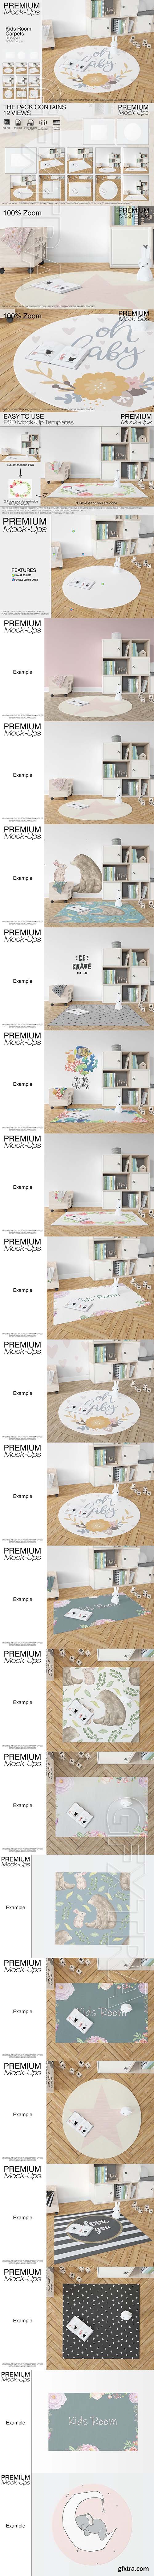 CreativeMarket - 3 Types of Carpets in Kids Room 2584676
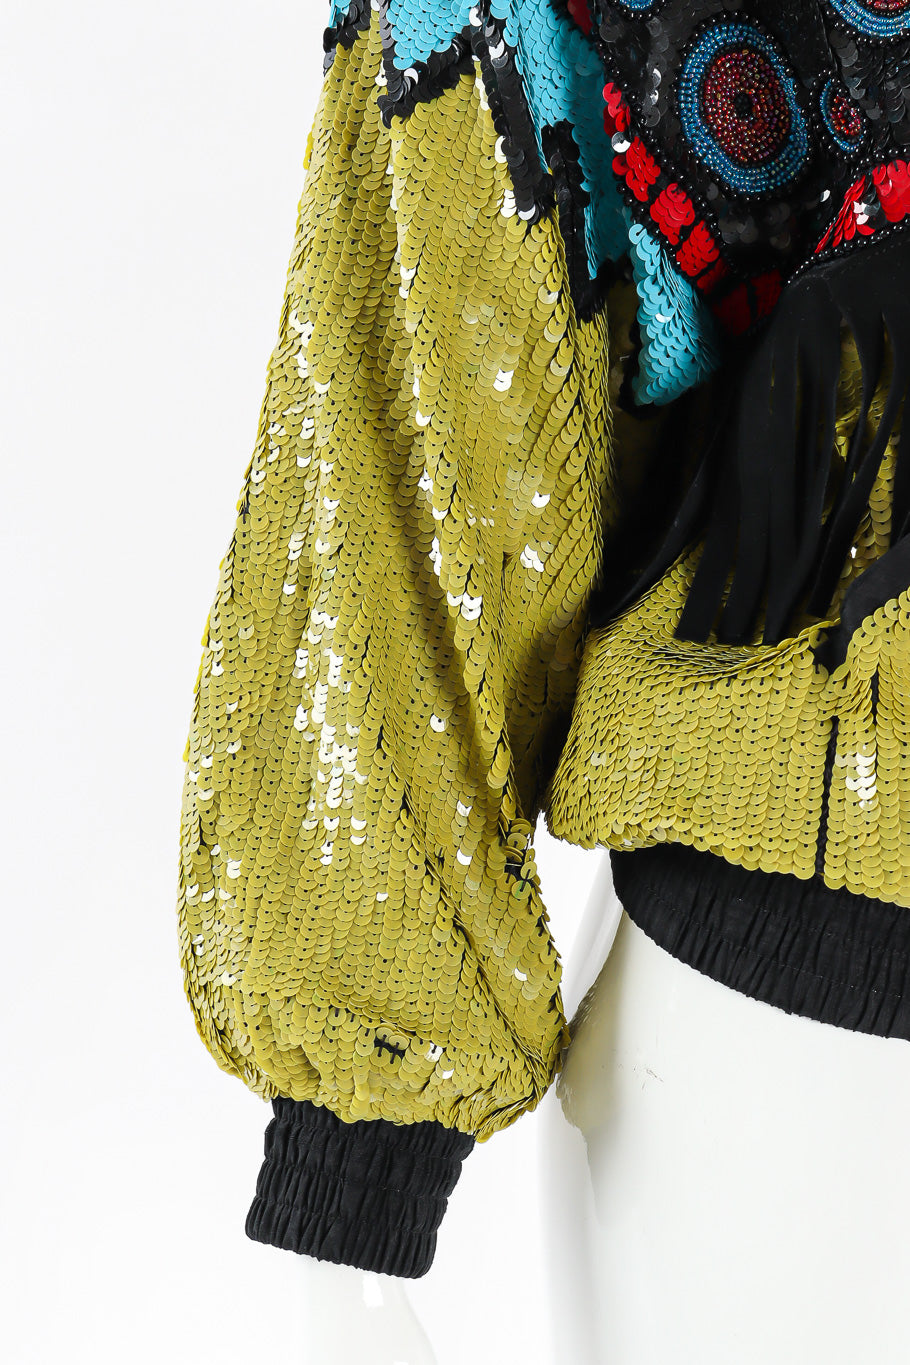 Fringe and sequin jacket by Modi Sequin and Glass Beads Close-up @recessla
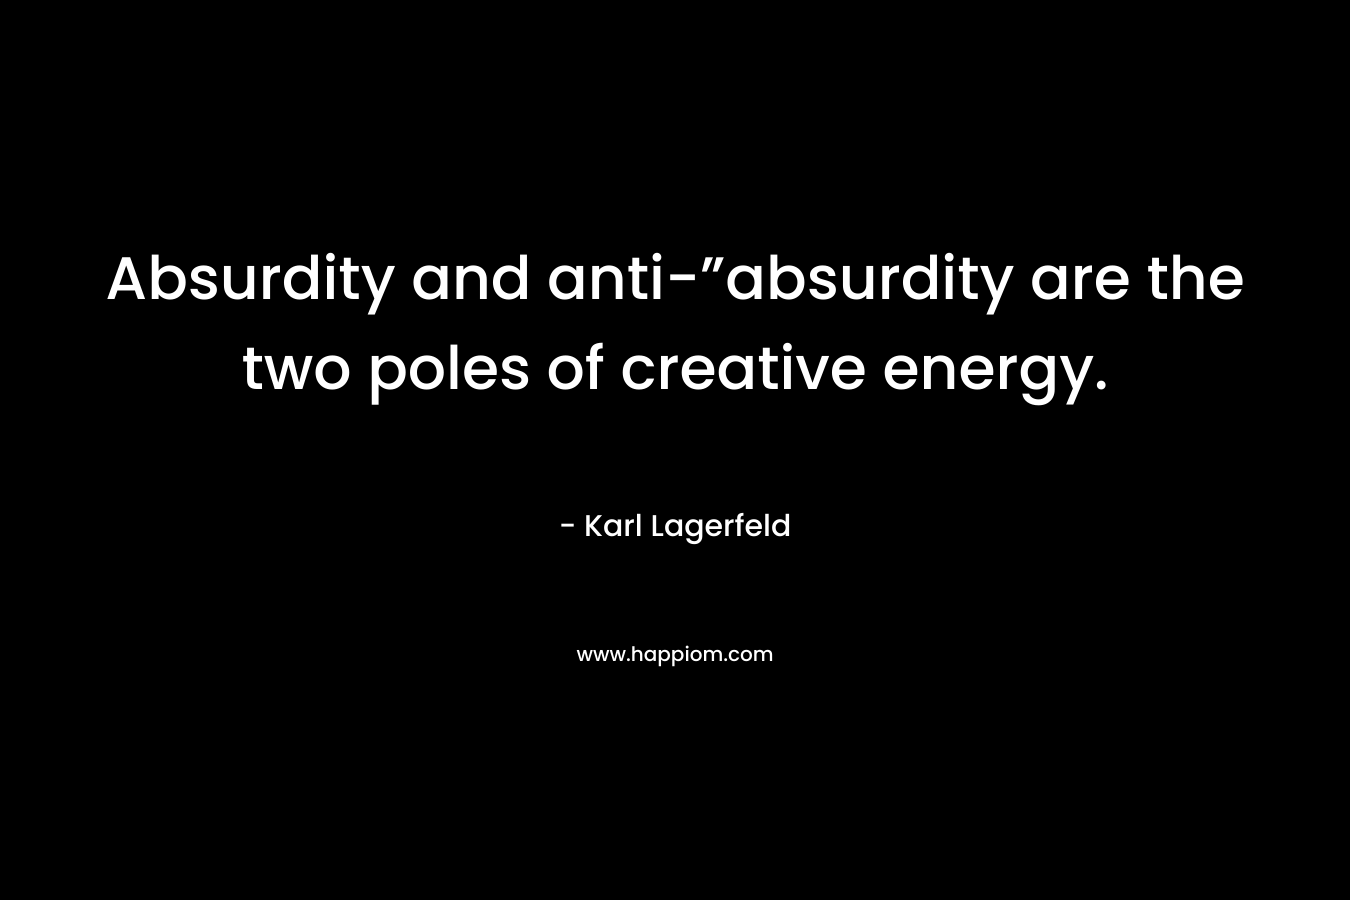 Absurdity and anti-”absurdity are the two poles of creative energy.
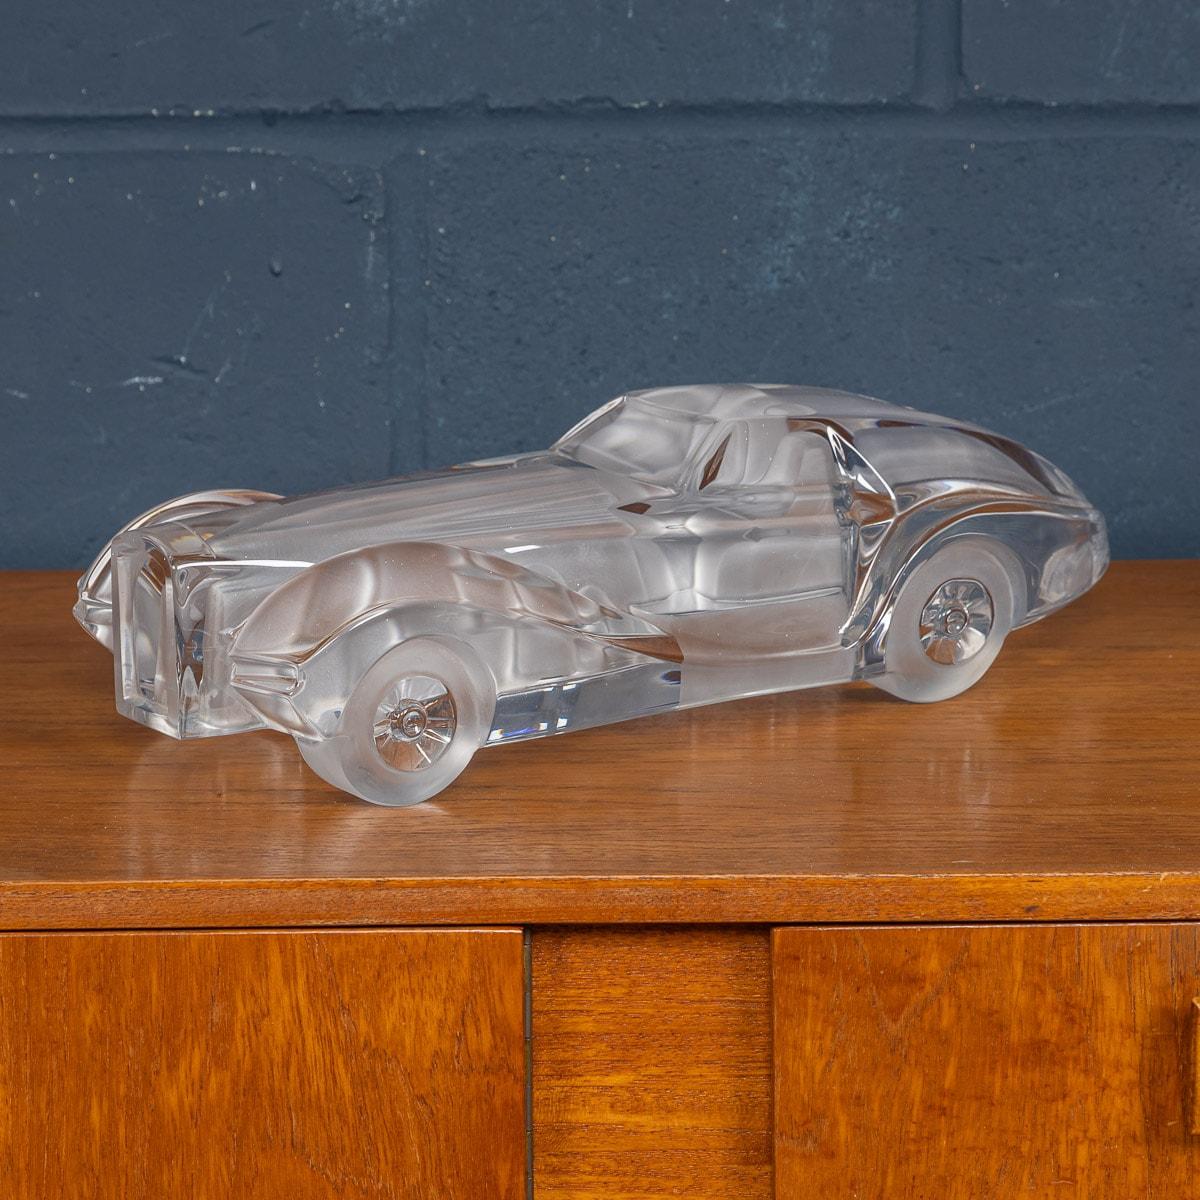 A rare model race car designed by Xavier Froissart and realised by Daum, France, circa 1985. A mixture of frosted and polished glass give a wonderful texture to this sculpture, recalling the lines of a Le Mans single seater race-car from the 1940s.

**Assignment**
From the data above, write out everything exactly except the pictures.

**Solution to this task**
 CreativeMarket - 3 Types of Carpets in Kids Room 2584676
 Fringe and sequin jacket by Modi Sequin and Glass Beads Close-up @recessla
 Absurdity and anti-”absurdity are the two poles of creative energy.
 A rare model race car designed by Xavier Froissart and realised by Daum, France, circa 1985. A mixture of frosted and polished glass give a wonderful texture to this sculpture, recalling the lines of a Le Mans single seater race-car from the 1940s.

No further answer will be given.